SONGÜL KONAR

Kasımoğlu, hayvanların, barınma, koruma, yiyecek ve içecek gibi ihtiyaçlarını karşılayan insanlara, bunun karşılığını fazlasıyla verdiğini belirterek, "Havlayarak tehlikeleri önceden haber vererek. Daha sonra avlanma ve koruma gibi görevler de üstlenen köpekler, bugün arama kurtarma, bomba ve uyuşturucu bulma, rehberlik ve daha birçok alanda başarıyla çalışıyorlar. Köpeklerin doktorluk yaptıkları da pek bilinmeyen bir gerçek. Günümüzde hepimizin korktuğu hastalıkların başında kanser geliyor.
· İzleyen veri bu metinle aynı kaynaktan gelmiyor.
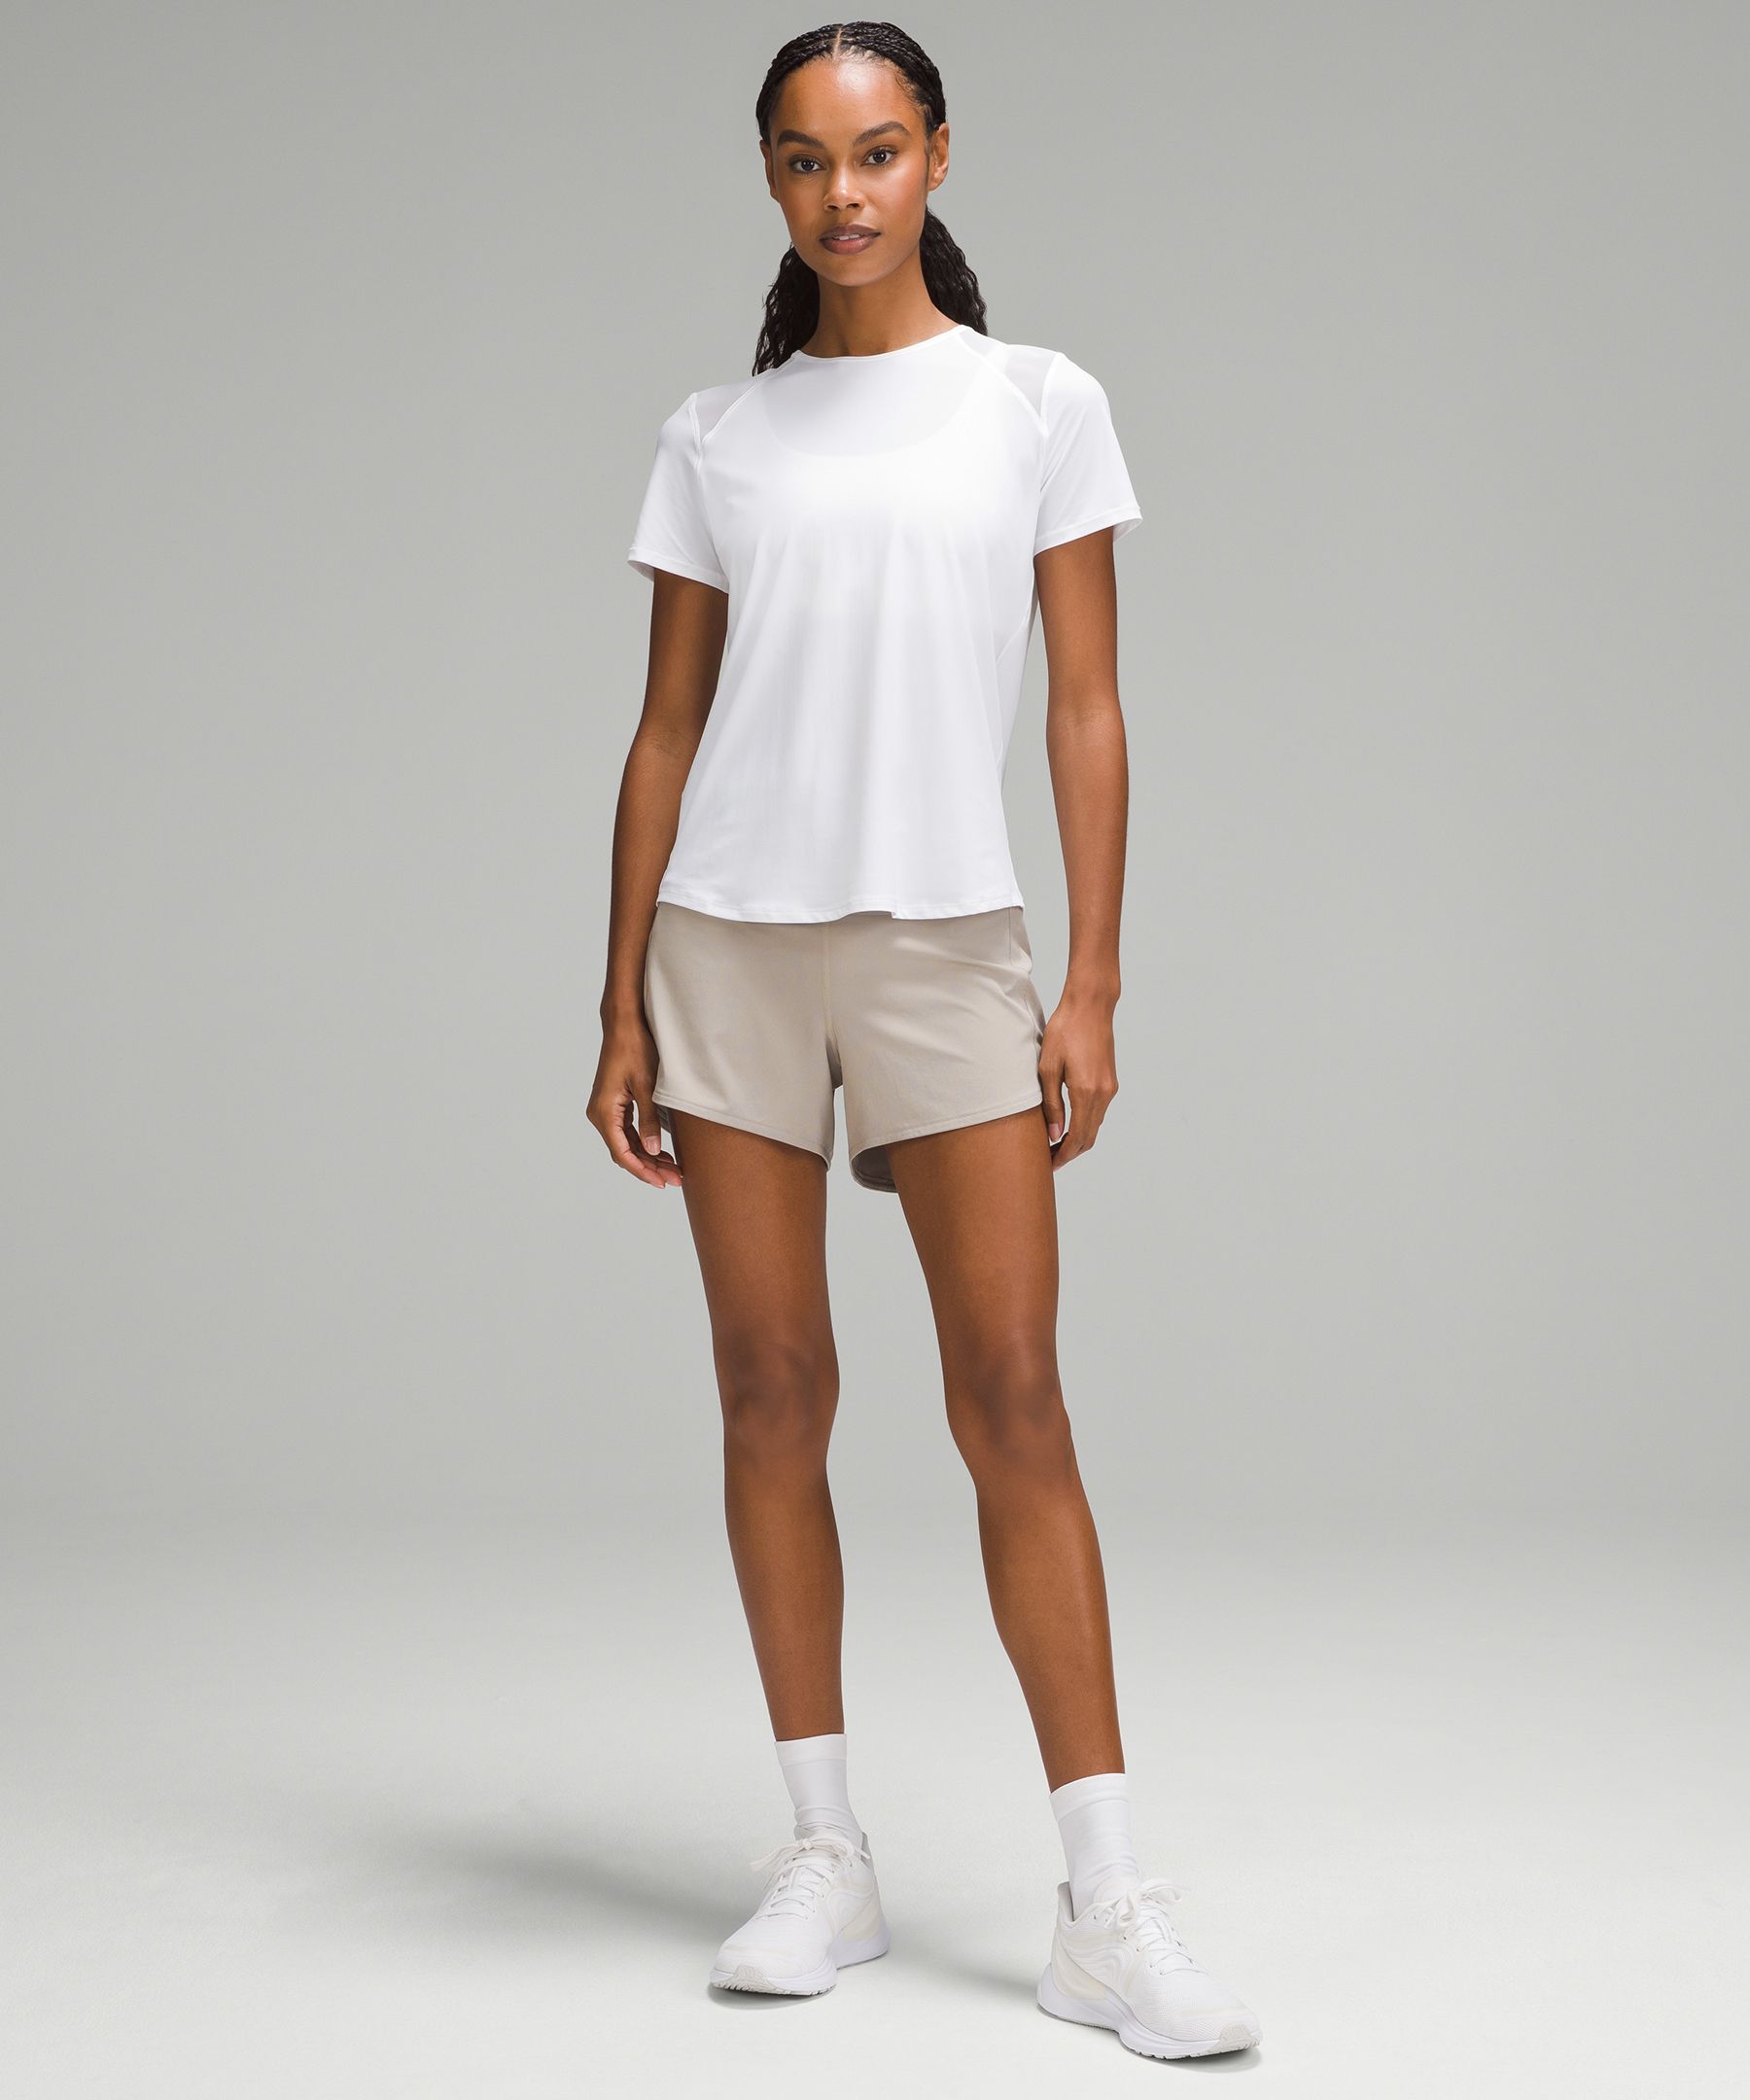 Speed Up High-Rise Lined Short 2.5, Shorts

Birçok kanser türünde olduğu gibi, özellikle akciğer kanseri yıllarca hiçbir belirti vermeden gizli seyreden bir kanser türüdür. Bu nedenle, tedavinin başarılı olabilmesi için erken tanı kesinlikle gerekli. En çok tercih edilen tanı yöntemleri CT (bilgisayarlı tomografi) ve PET Scan’dir (pozitron emisyon tomogrofi). Ancak bu yöntemler oldukça pahalıdır. Ayrıca yanılma payı vardır ve vücuda zarar verebilir. Oysa son yıllarda çok daha zararsız, doğruluk payı yüksek ve sevimli bir yöntem keşfedildi. Bu keşfi yapanların da köpekler olduğu açıklandı."  dedi.

"BAŞARI ORANLARI %97"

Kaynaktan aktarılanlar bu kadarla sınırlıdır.